Ни на кого, однако, не оказался похожим Валерьян, не женился, не пил, крамолы не распространял. Он перво-наперво вскопал огород и кинул в землю семена. Споро они взошли. Любо-дорого было глядеть на всходы. И запах от той травы исходил терпкий, дурманящий. Вот как-то раз увидели соседи, что вышел Валерьян в огород, надергал корешков травы той, промыл их в луже и, севши на завалинку, почал жевать. Час жует, два жует, три — и на физиономии у него блаженство. Задумались тут хлыновцы. Что жует Валерьян? Отчего ему так сладко? Не утерпели, явились к чужаку. «А вы отведайте, — указал Валерьян на огород, — мне не жалко…» Выдернули хлыновцы по корешку, промыли — и в рот. Через несколько минут уразумели, отчего так сладко Валерьяну. Пошли их головы кругом, и мир в глазах вдруг розовым стал, и небо, и поле, и люди — все розовое, и так хорошо на душе, что ничегошеньки-то больше не надо. «А слышь-ка.
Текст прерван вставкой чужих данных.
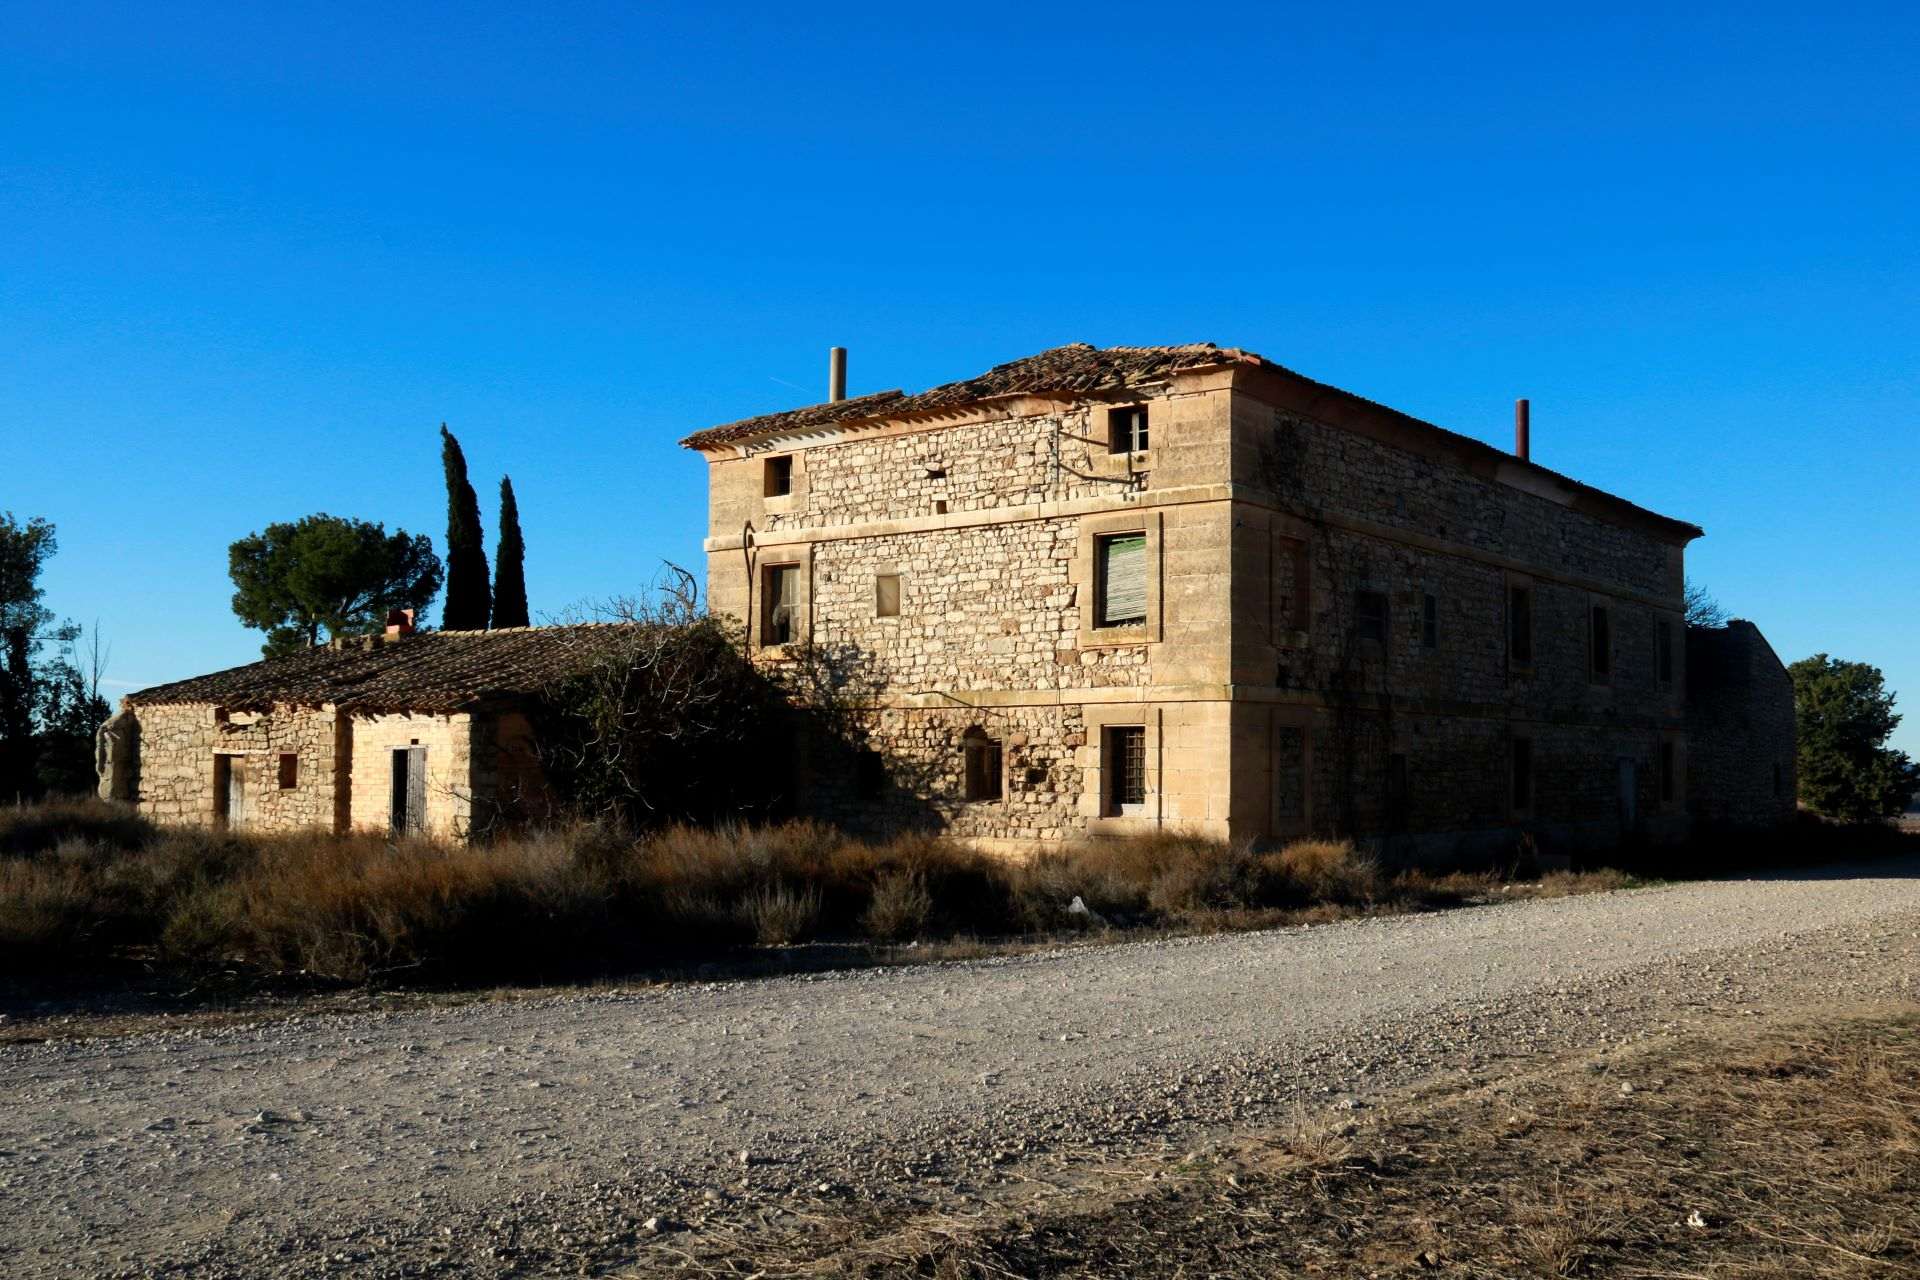 El Govern i la Diputació de Lleida acorden restaurar la casa Vallmanya de Francesc Macià

Валерьян, — сказали тогда хлыновцы, — не дашь ли ты нам семян сей травки?» «Отчего же? — сунул он руку в карман. — Берите…» В скором времени уже вся Хлынь сажала у себя на усадьбах Валерьянов корень, по вечерам сидела на завалинках, жевала. Все было розовым в их глазах, и ничегошеньки не хотелось. И на работу перестали ходить хлыновцы, а если и ходили, то только так, для видимости, и церковь забыли, и даже дети перестали родиться у хлыновских баб, а если и рождались, то с такими же, как у их предков, розовыми, сонными глазами. И жизнь пошла на убыль в Хлыни, заводики закрылись, церковь опустела, железную дорогу повернули в сторону. И ничего-то почти не осталось в Хлыни от прежних времен, только кладбище старинное с огромной ямой посередине. Говорят, там раньше церковь стояла…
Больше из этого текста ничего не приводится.